Tarzan himself became king of the apes
and embodied the noble savage trope.
Then there's 1922's "Jungle Goddess,"
which featured a kidnapped white woman
who becomes the goddess of an African community.
Overall, there's a lot of racist
and colonialist tropes in this genre.
The white adventurers face threats
from stereotypically-portrayed natives
who are constructed as uncivilized, violent,
and obsessed with white female beauty.
But another nefarious influence on "King Kong"'s story
may have been the faux documentary
racial exploitation film "Ingagi."
In the film, African women
are offered as sexual sacrifices to gorillas,
essentially pornography that grotesquely demonized
interracial relationships.
The 1930 film would be pulled from theaters
under the Hays Code,
but not before reaching box-office success.
It was one of the highest grossing
Hollywood films that year.
This financial success likely fueled RKO Radio Pictures'
investment in "King Kong"'s creation and distribution.
They just needed to monetize racism in a less obvious way.
Considering the overt racism
at the time "King Kong" was produced,
Kong's place in the dark history
of dehumanizing people of color is undeniable.
Comparing people to and portraying them as gorillas,
monkeys, and orangutans was a common practice at the time,
and these undertones in the film
would not have gone unnoticed by moviegoers in 1933.
The so-called savage ape, dark and menacing,
obsessed with the beauty of a white woman
he seizes for his own
was a pretty transparent metaphor for racist fears.
There's also the fact that Kong's physical journey
from his native land to the U.S. to be exploited for profit
aligns with the narrative of enslaved people.
King Kong appears at a time when civil rights deprivations
were fueling cause for equality in housing,
employment, and education.
"King Kong" can be read as a metaphor
for how Black men were treated
and are still treated in America
as both glorious spectacle and violent threat.
Kong evokes the dangerous exotic other,
but he is also a sympathetic character
that the audience is meant to identify with.
Kong triumphantly clutches
the top of the needle in one hand
-and Anne in the other. -[Anne screaming]
He has not just conquered the city, but the world.

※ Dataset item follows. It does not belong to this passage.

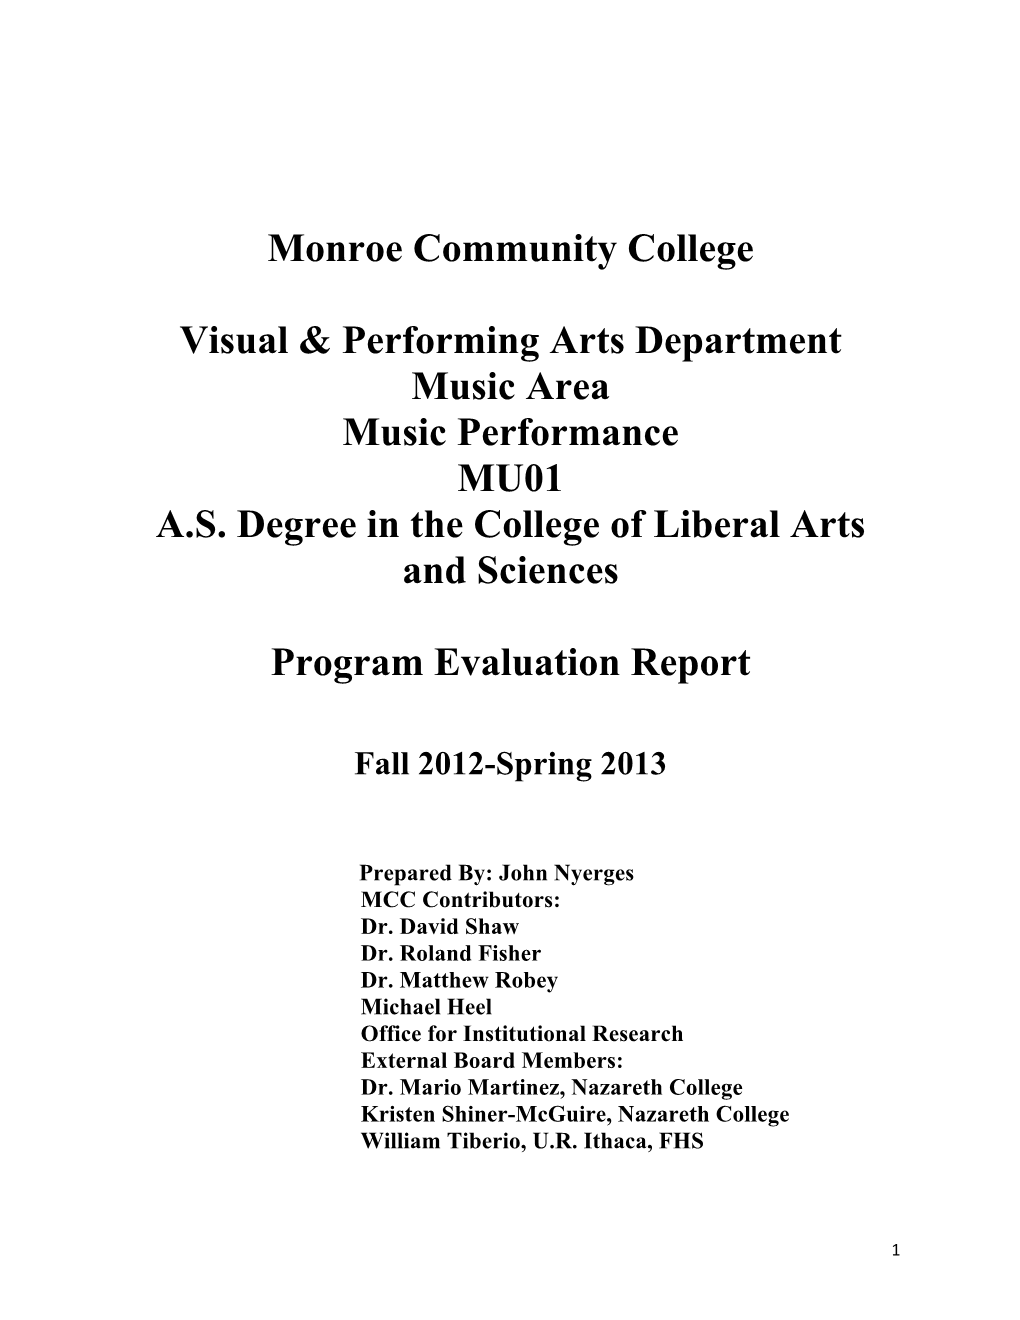 Monroe Community College Visual & Performing Arts Department Music
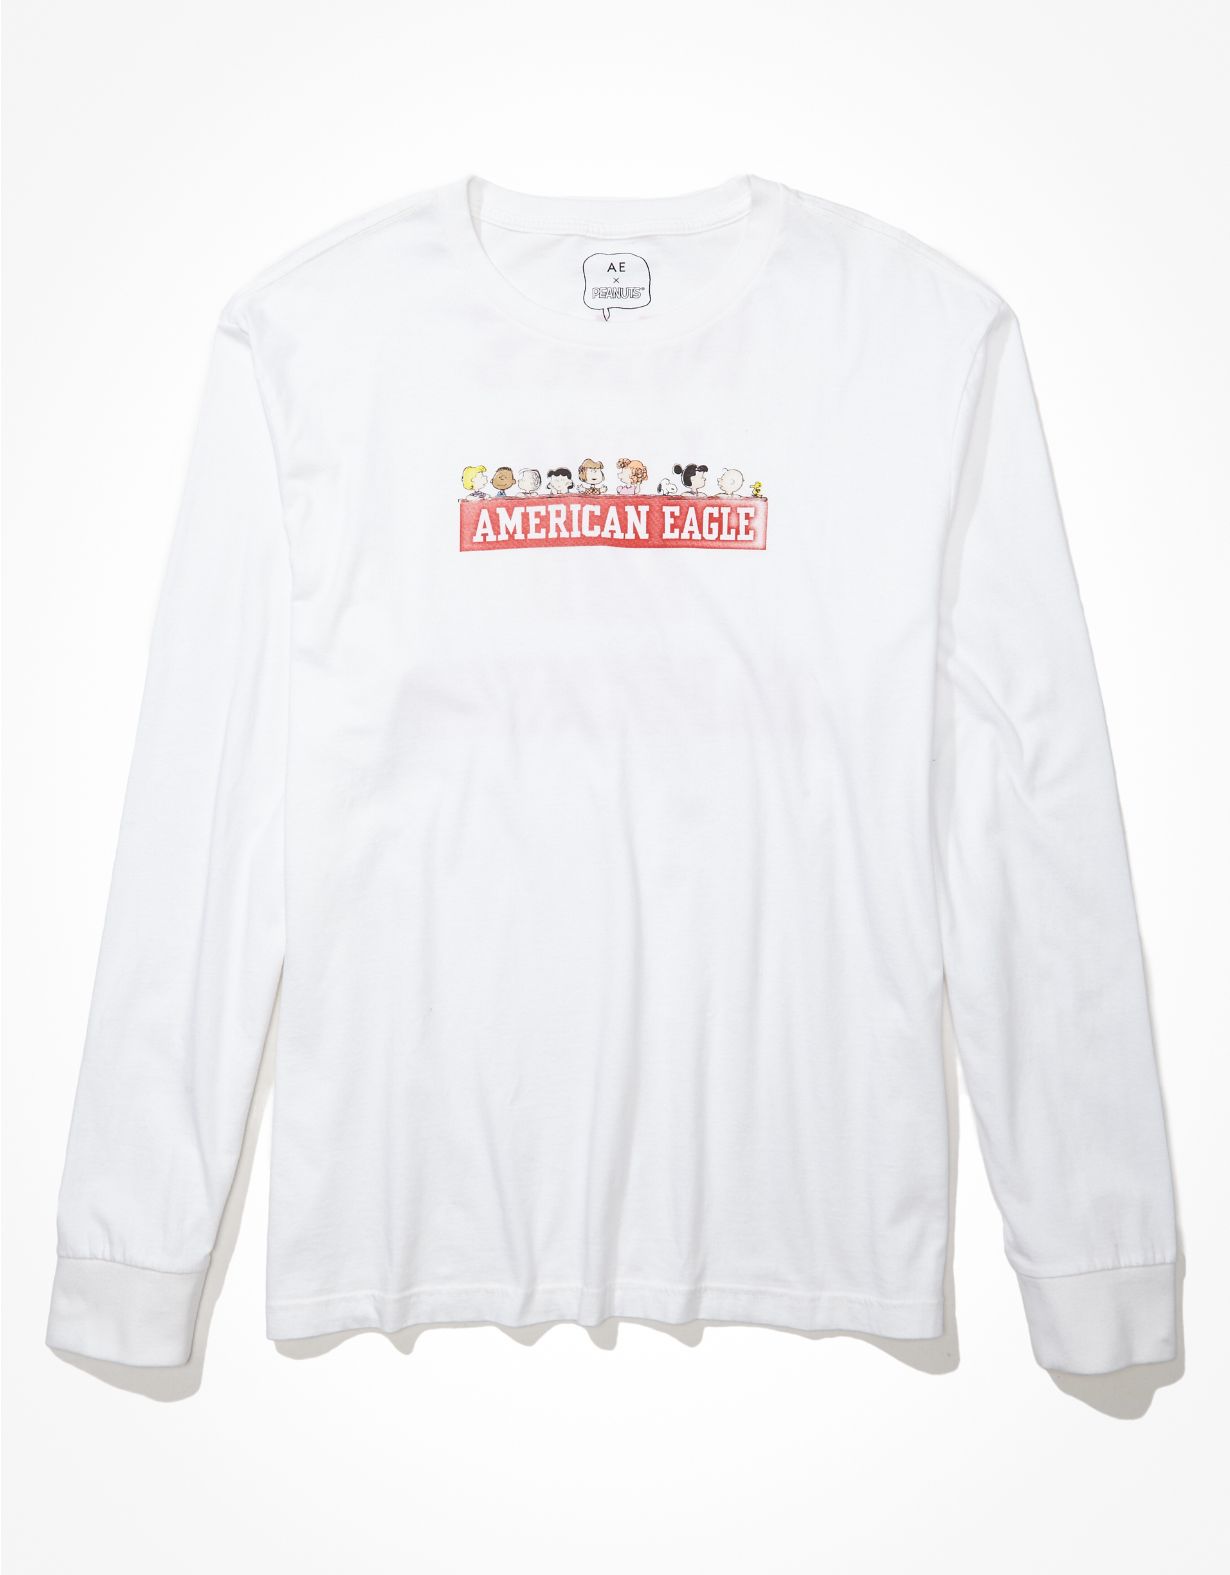 AE x Peanuts Super Soft Long-Sleeve Graphic T-Shirt

At the time, the Empire State Building
was the tallest building in the world.
He towers over the symbol of modern civilization.
Cooper stated that part of the creature's inspiration
came from a desire to place a symbol of prehistoric life
in the modern mechanized world
and have a modern weapon, the airplane, kill him.
In a press release for the film, he said,
"Why not place him at the pinnacle
"of the tallest building,
"symbol in steel, stone, and aspiration,
and pit him against modern man?"
Of course, as a foreigner on U.S. soil,
Kong's triumph is short-lived.
A revived RKO Radio Pictures
followed up the success of "King Kong" with a quick sequel,
"Son of Kong," released just nine months later.
But then no new contributions
to the franchise until the 1960s.
Sure, there were re-releases that drew big crowds
and established a global audience,
but nothing new was added to the story for almost 30 years.
And when those changes came, they would be pretty big ones.
He wreaks havoc upon the city
and famously climbs the Empire State Building
before being shot down by mm-the military.
Sorry, it's okay, I'll do the whole paragraph again anyway.